GitLab on Wednesday released security updates to address 17 security vulnerabilities, including a critical flaw that allows an attacker to run pipeline jobs as an arbitrary user.

The issue, tracked as CVE-2024-6678, carries a CVSS score of 9.9 out of a maximum of 10.0

“An issue was discovered in GitLab CE/EE affecting all versions starting from 8.14 prior to 17.1.7, starting from 17.2 prior to 17.2.5, and starting from 17.3 prior to 17.3.2, which allows an attacker to trigger a pipeline as an arbitrary user under certain circumstances,” the company said in an alert.
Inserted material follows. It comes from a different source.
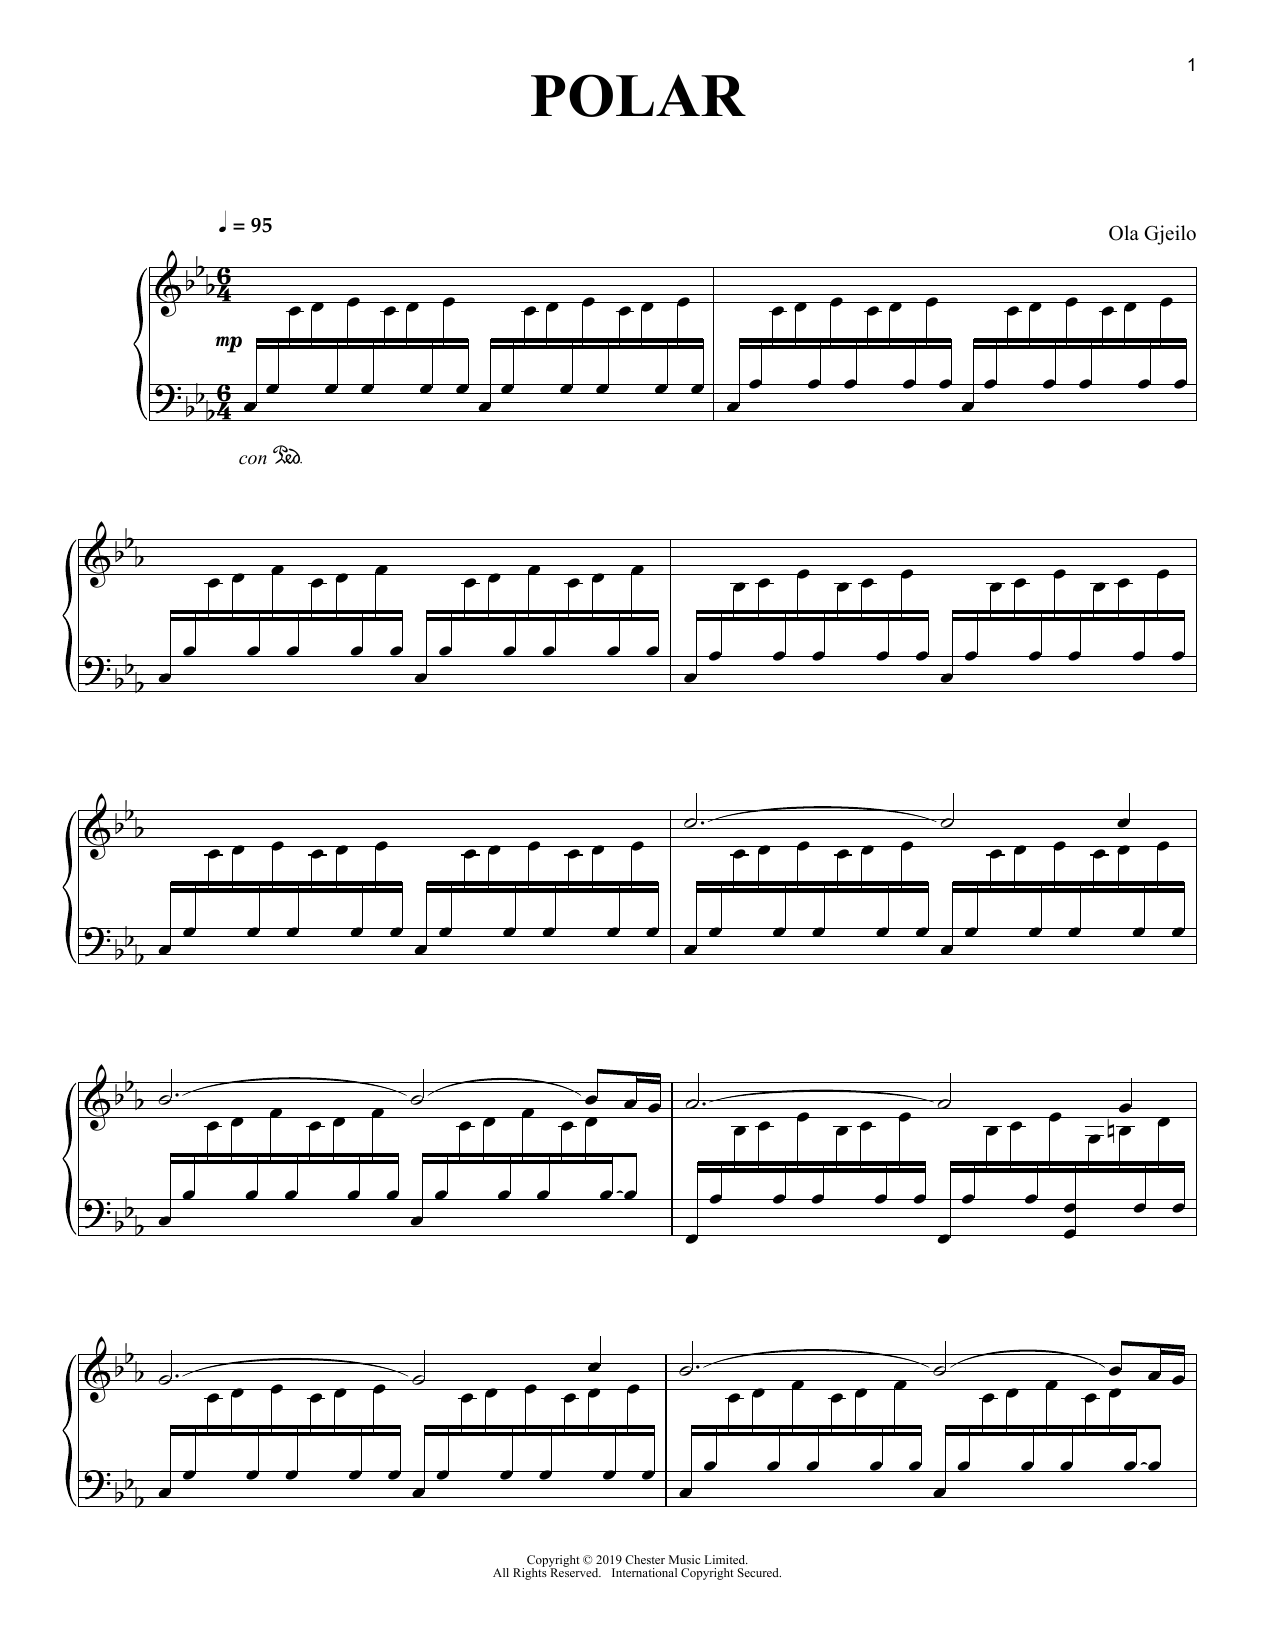 Ola Gjeilo Polar Sheet Music Notes & Chords for Piano Solo - Download or Print PDF

The vulnerability, along with three high-severity, 11 medium-severity, and two low-severity bugs, have been addressed in versions 17.3.2, 17.2.5, 17.1.7 for GitLab Community Edition (CE) and Enterprise Edition (EE).

Cybersecurity

It’s worth noting that CVE-2024-6678 is the fourth such flaw that GitLab has patched over the past year after CVE-2023-5009 (CVSS score: 9.6), CVE-2024-5655 (CVSS score: 9.6), and CVE-2024-6385 (CVSS score: 9.6).

While there is no evidence of active exploitation of the flaws, users are recommended to apply the patches as soon as possible to mitigate against potential threats.

Earlier this May, U.S. Cybersecurity and Infrastructure Security Agency (CISA) revealed that a critical GitLab vulnerability (CVE-2023-7028, CVSS score: 10.0) had come under active exploitation in the wild.